DataConnectors icon indicating copy to clipboard operation
DataConnectors copied to clipboard

Update Table.GenerateByPage to handle empty tables being returned

Open bgribaudo opened this issue 2 years ago • 3 comments

Per Table.GenerateByPage's Helper Functions description, this method should call getNextPage until that callback returns null, then will combine all returned pages into a single table.

However, when the existing Table.GenerateByPage returns an empty table, its actual behavior differs from the above description (see below examples). If the callback returns an empty table, Table.GenerateByPage may output 0 rows or an extra, all-null row--neither of which seems desirable or in alignment with the above description.

This PR addresses these behavior anomalies. (Note: It would be good for someone with internal Power Query knowledge to validate this PR to ensure that it is done in a way that aligns with PQ's lazy paradigm and that it does not trigger extra streaming.)

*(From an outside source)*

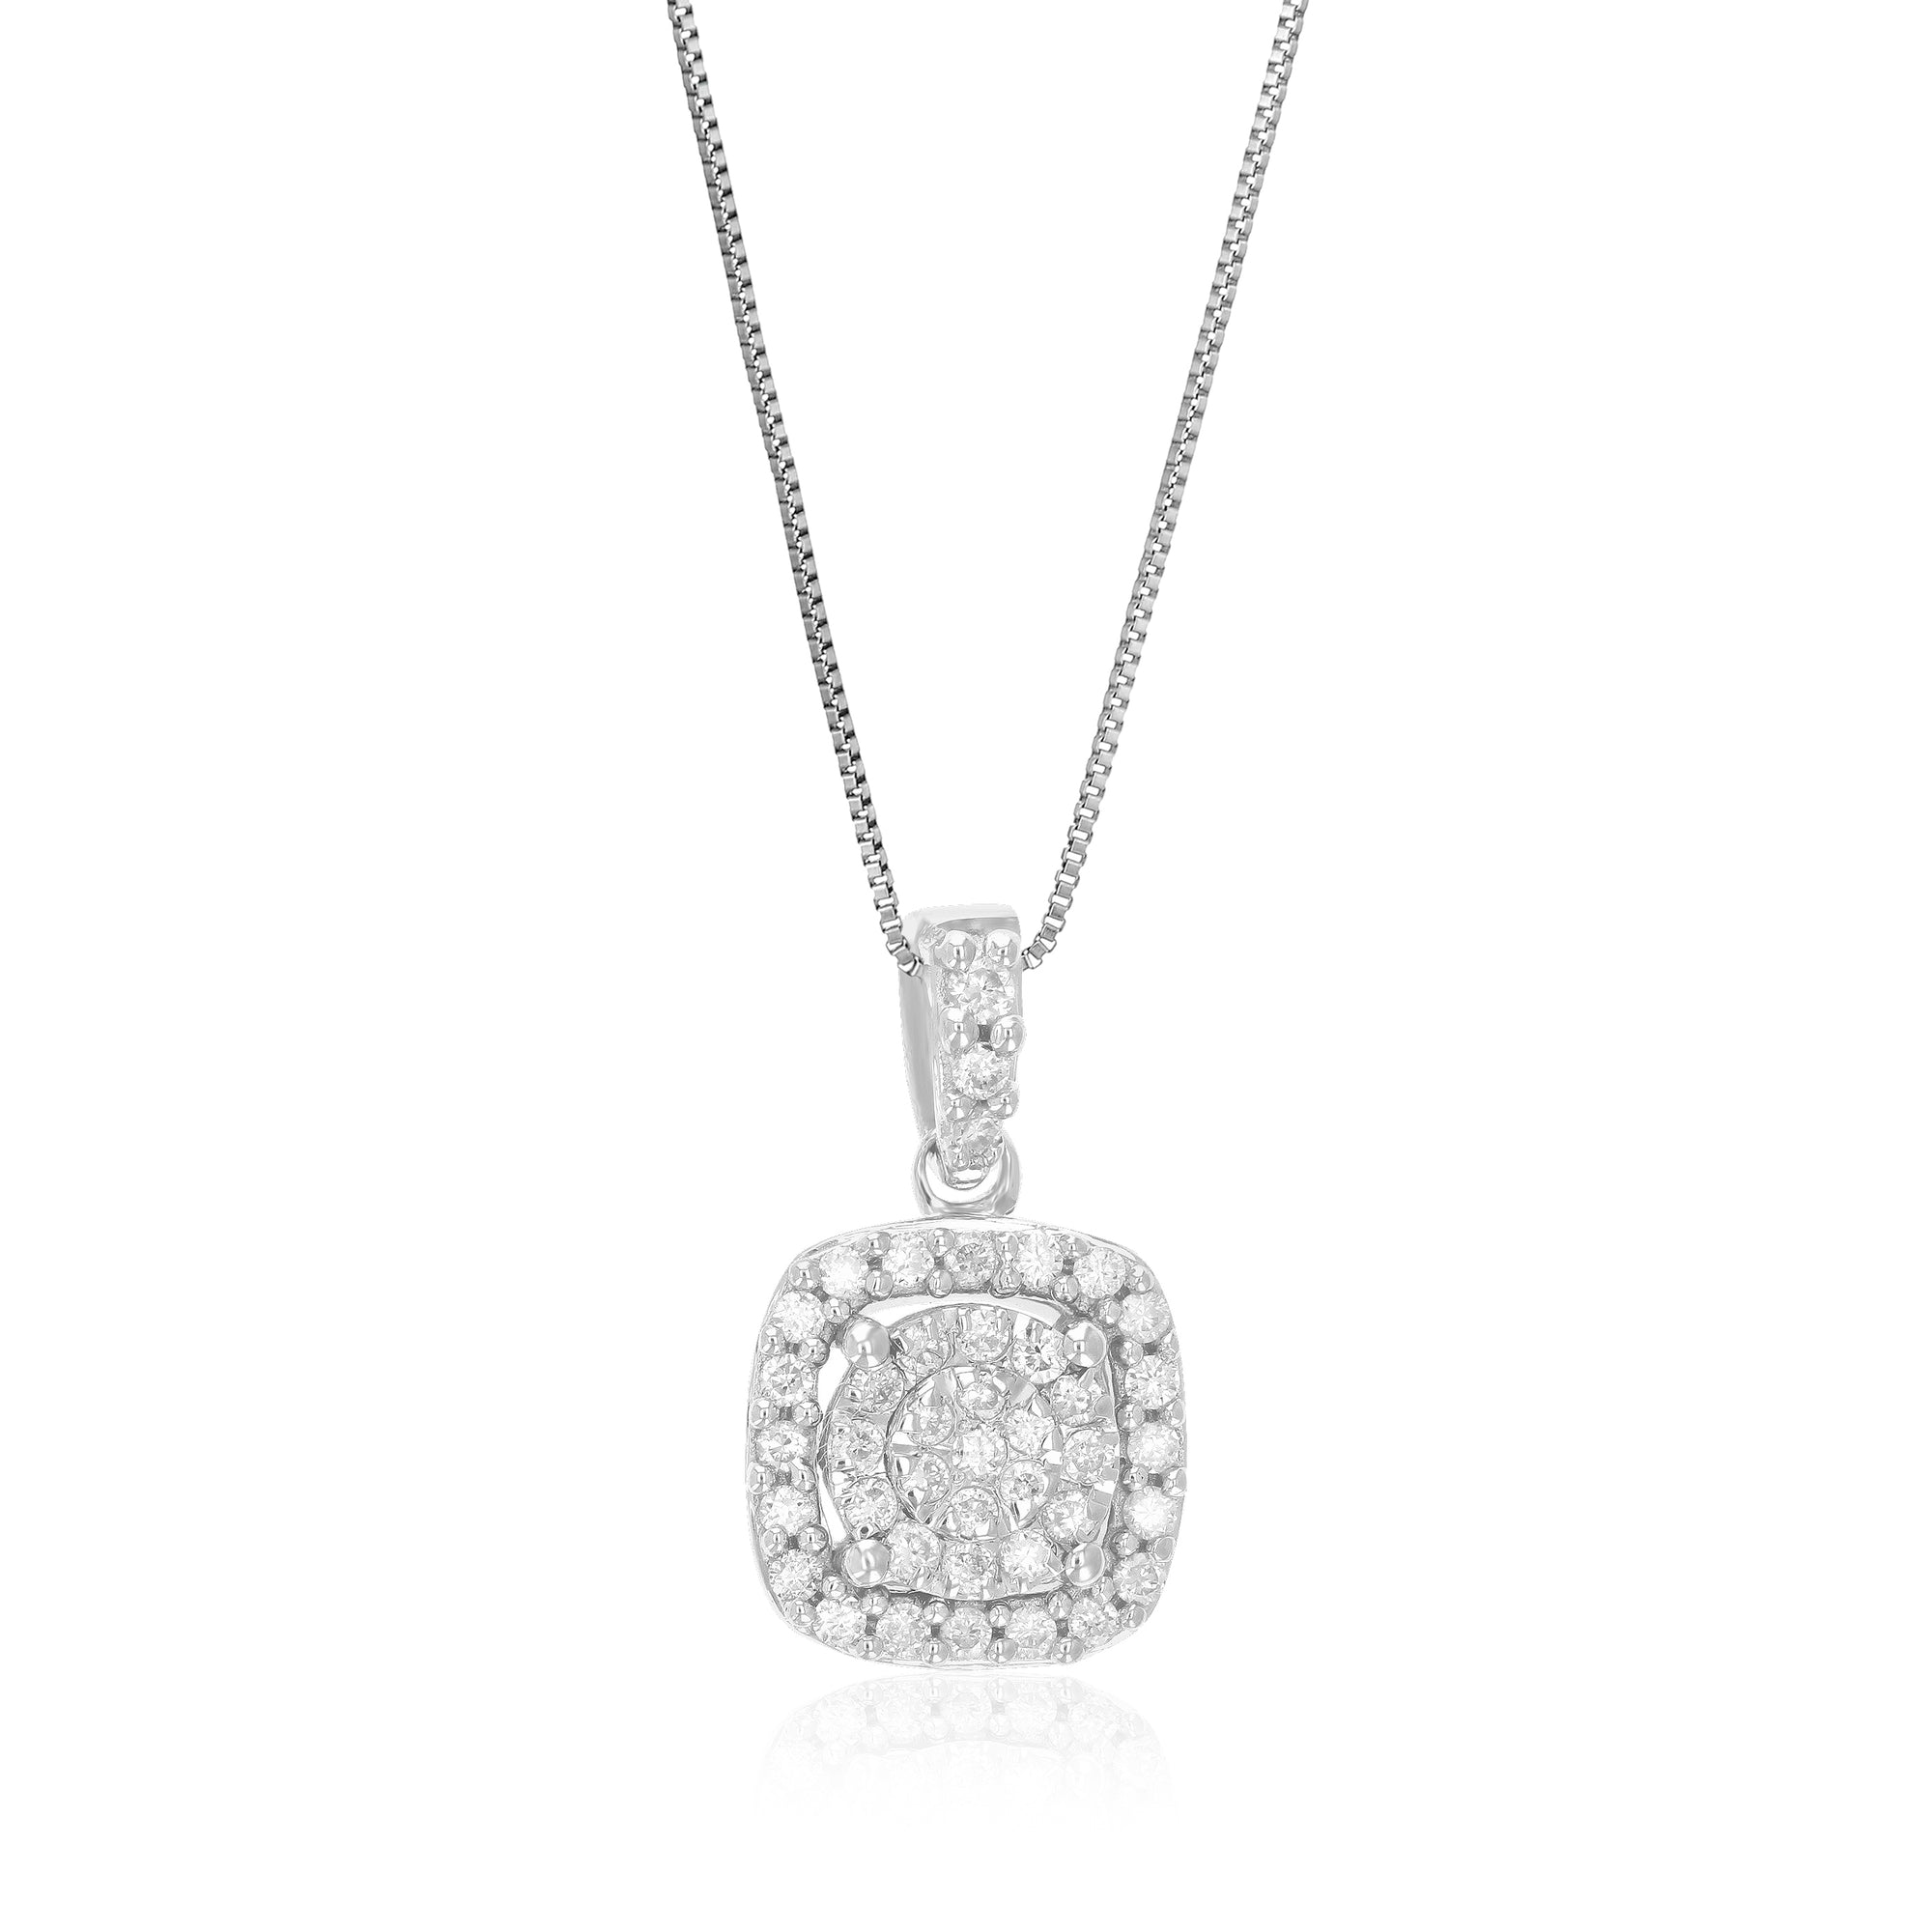 1/6 cttw Diamond Pendant Necklace for Women, Lab Grown Diamond Square Pendant Necklace in .925 Sterling Silver with Chain, Size 1/2 Inch

Demo of Existing's Behavior Anomalies

let
    // Existing version of this method
    Table.GenerateByPage = 
        (getNextPage as function) as table =>
            let        
                listOfPages = List.Generate(
                    () => getNextPage(null),            // get the first page of data
                    (lastPage) => lastPage <> null,     // stop when the function returns null
                    (lastPage) => getNextPage(lastPage) // pass the previous page to the next function call
                ),
                // concatenate the pages together
                tableOfPages = Table.FromList(listOfPages, Splitter.SplitByNothing(), {"Column1"}),
                firstRow = tableOfPages{0}?
            in
                // if we didn't get back any pages of data, return an empty table
                // otherwise set the table type based on the columns of the first page
                if (firstRow = null) then
                    Table.FromRows({})
                // check for empty first table
                else if (Table.IsEmpty(firstRow[Column1])) then
                    firstRow[Column1]
                else
                    Value.ReplaceType(
                        Table.ExpandTableColumn(tableOfPages, "Column1", Table.ColumnNames(firstRow[Column1])),
                        Value.Type(firstRow[Column1])
                    )
    ,
    PageFunction = (previous) => 
        let
            /*
            // Actual: In this scenario, 2 rows are output, the 2nd holding a null column value because Response2 contained 0 rows.
            // Expected: Only 1 row (from Response1) should have been returned.
            Response1 = #table({"A"},{{1}}),
            Response2 = #table({"A"},{})
            */
            // Actual: In this scenario, 0 rows are output. Response1 contained no rows so Response2's data is skipped
            // Expected: 1 row returned (row from Response2)
            Response1 = #table({"A"},{}),
            Response2 = #table({"A"},{{1}})
        in
            if previous = null then Response1 
            else if previous = Response1 then Response2
            else null,
    Result = Table.GenerateByPage(PageFunction)
in
    Result

bgribaudo avatar Mar 24 '22 14:03 bgribaudo

We specifically can't use Table.Combine, as that will effectively break the streaming behavior for most cases.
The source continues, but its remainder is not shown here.